Thursday, July 17, 2025

Good Material by Dolly Alderton

Good Material
by Dolly Alderton
Read by Arthur Darvill and Vanessa Kirby
9 hours, 54 minutes
Published January 2024 by Knopf Doubleday Publishing Group

Publisher's Summary: 
Andy loves Jen. Jen loved Andy. And he can't work out why she stopped.

Now he is. . .

Without a home

Waiting for his stand-up career to take off

Wondering why everyone else around him seems to have grown up while he wasn't looking

Set adrift on the sea of heartbreak, Andy clings to the idea of solving the puzzle of his ruined relationship. Because if he can find the answer to that, then maybe Jen can find her way back to him. But Andy still has a lot to learn, not least his ex-girlfriend's side of the story…

In this sharply funny and exquisitely relatable story of romantic disaster and friendship, Dolly Alderton offers up a love story with two endings, demonstrating once again why she is one of the most exciting writers today, and the true voice of a generation.

My Thoughts: 
Recently I've had the television to myself more and I've been searching for rom-coms like the ones they made in the 1990's (think Notting Hill, Two Weeks Notice, 10 Things I Hate About You) to no avail. I'm not necessarily looking for that same kind of story; I'm looking for those stories that truly match up romance with comedy, especially those with snappy dialogue. While a movie adaptation of Good Material won't have that same kind of happy ending, there is plenty of heart and humor here that I think would make a great movie. 

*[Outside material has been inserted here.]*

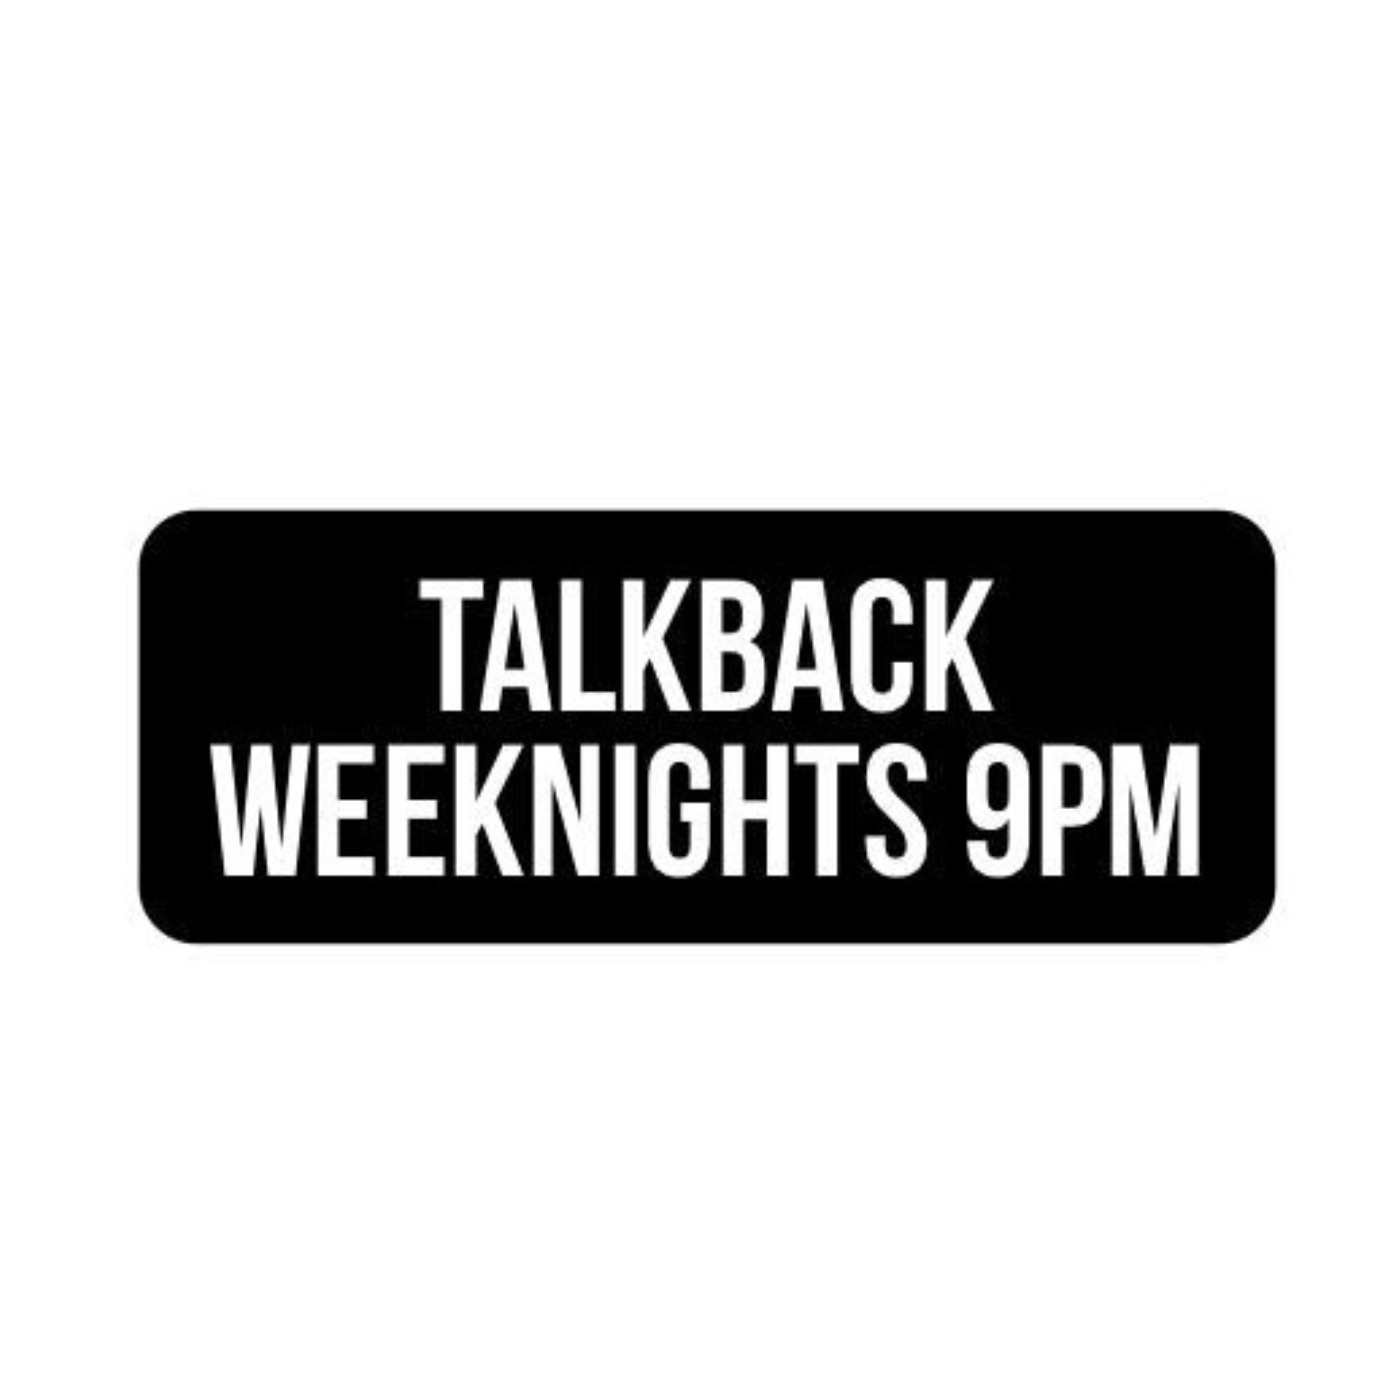 Artwork for Talkback Weeknights
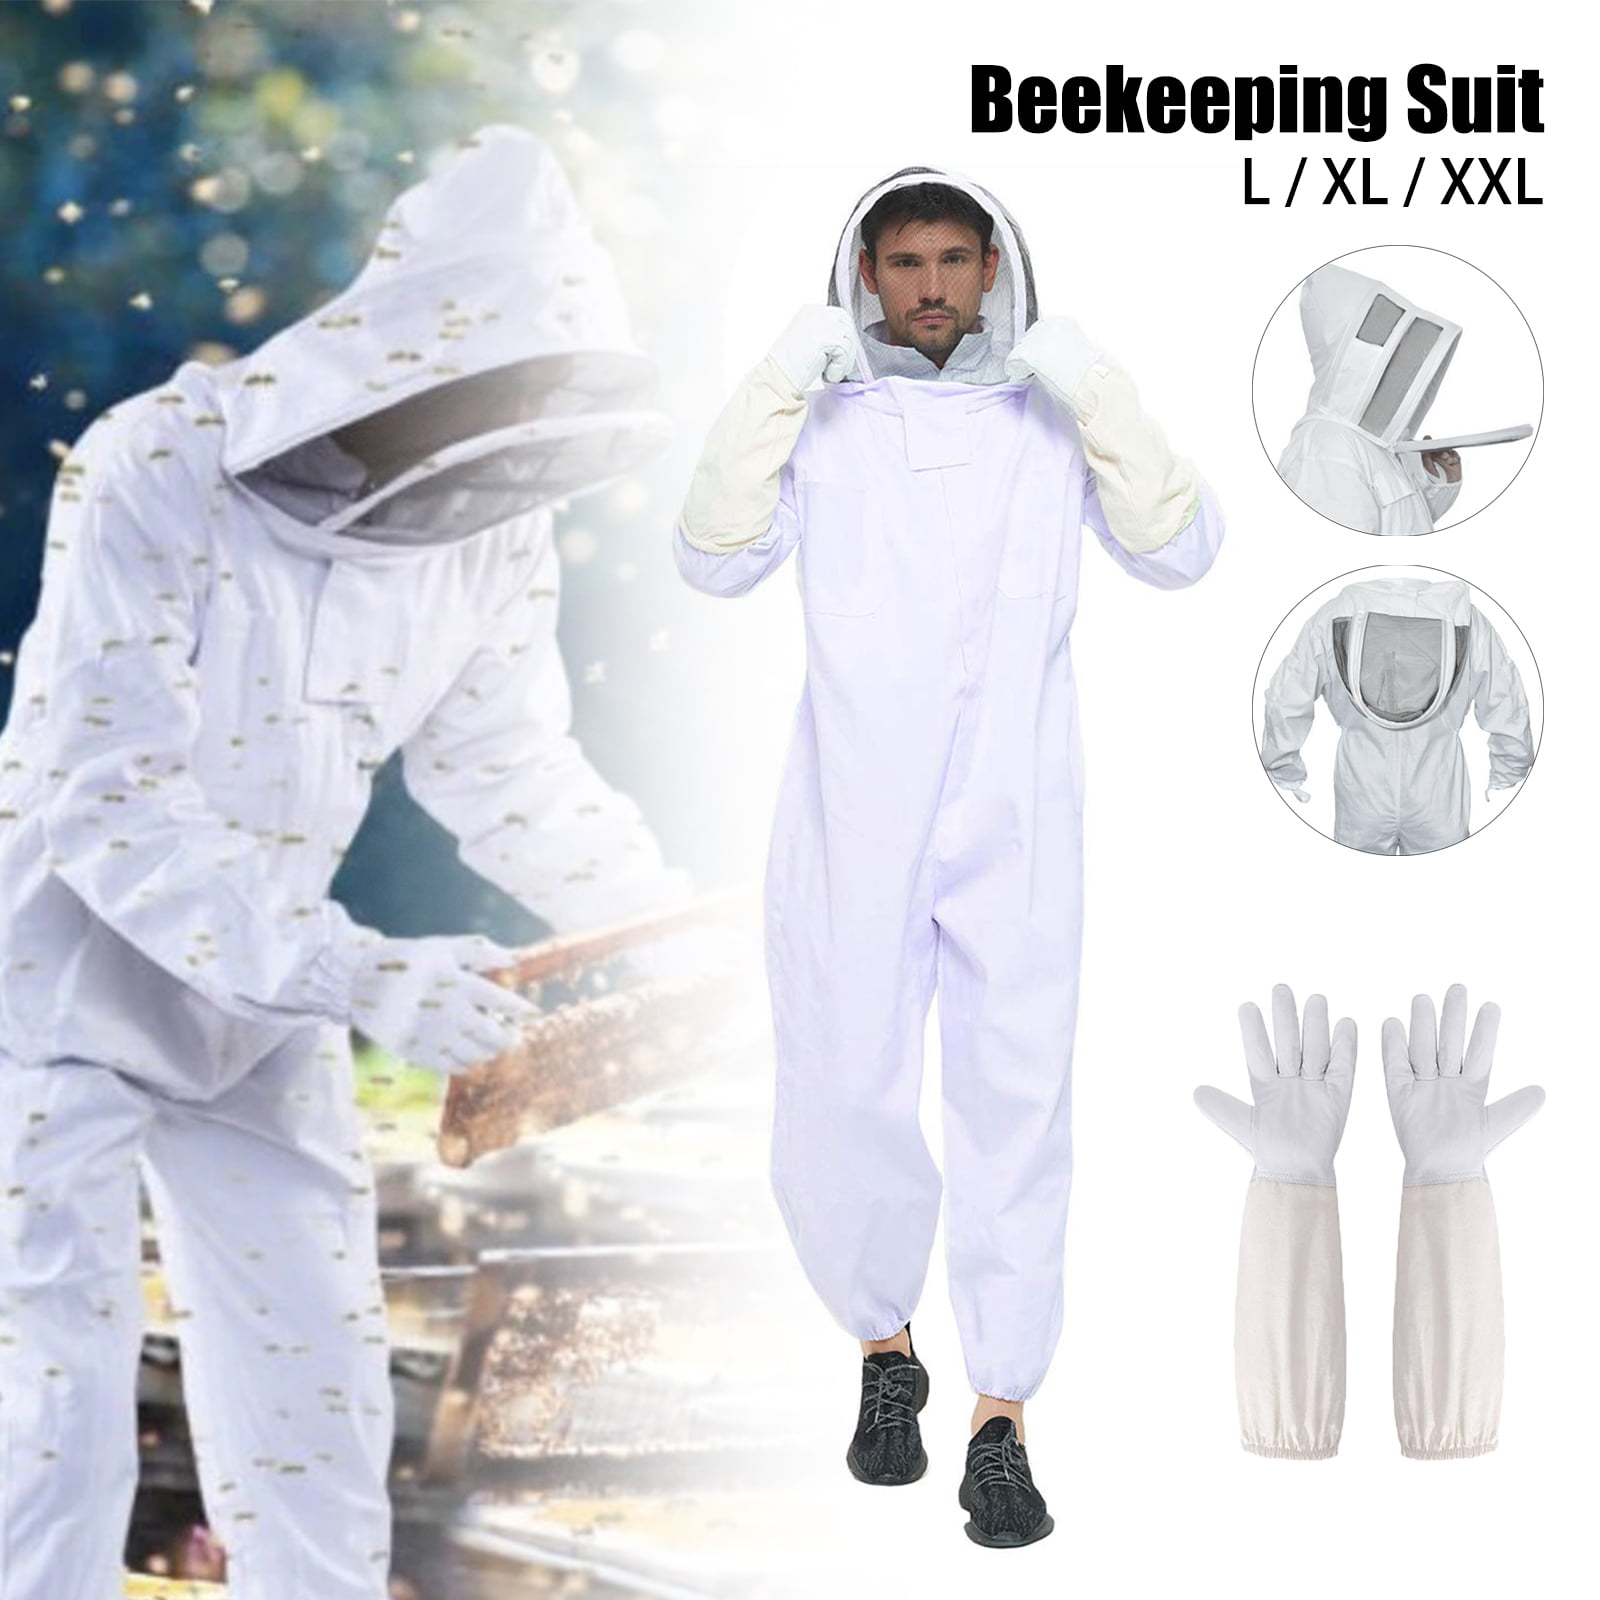   Protective PPE Free size reusable hazmat suit with hood 

I listened to this one and was very much enjoying Andy's side of the story. Sure he's a grown man that needs to accept the fact that it's time to get a big boy job that he can support himself with, notably because his comedy career is going no where and he's unwilling to make any change to his routine. He's grown comfortable with his life and that's part of the problem. In the aftermath of the breakup, he falls into all of the usual traps. But I couldn't help but like him and root for him to grow up...and get over it, to be honest. 

In the back of my mind, as I listened to Andy's story, I kept wondering when that female narrator was going to come in...and then she did, telling us the story from Jen's point of view. And here's the thing, Jen does still love Andy. But Jen can see that, even if Andy changes, theirs is a relationship that simply won't give either of them what they need in life. 

I feel like I may have liked this book more than a lot of other reviewers, many of whom found that Andy was a flat character. But he was surrounded by characters, in my opinion, that helped flesh out his side of the story and make what had happened between Andy and Jen clearer. One reviewer, who read the book in print, felt the switch to Jen's voice was jarring; but, of course, knowing that there were two narrators, I was expecting it and looking forward to hearing her side of the story. Because there are always two sides to a story.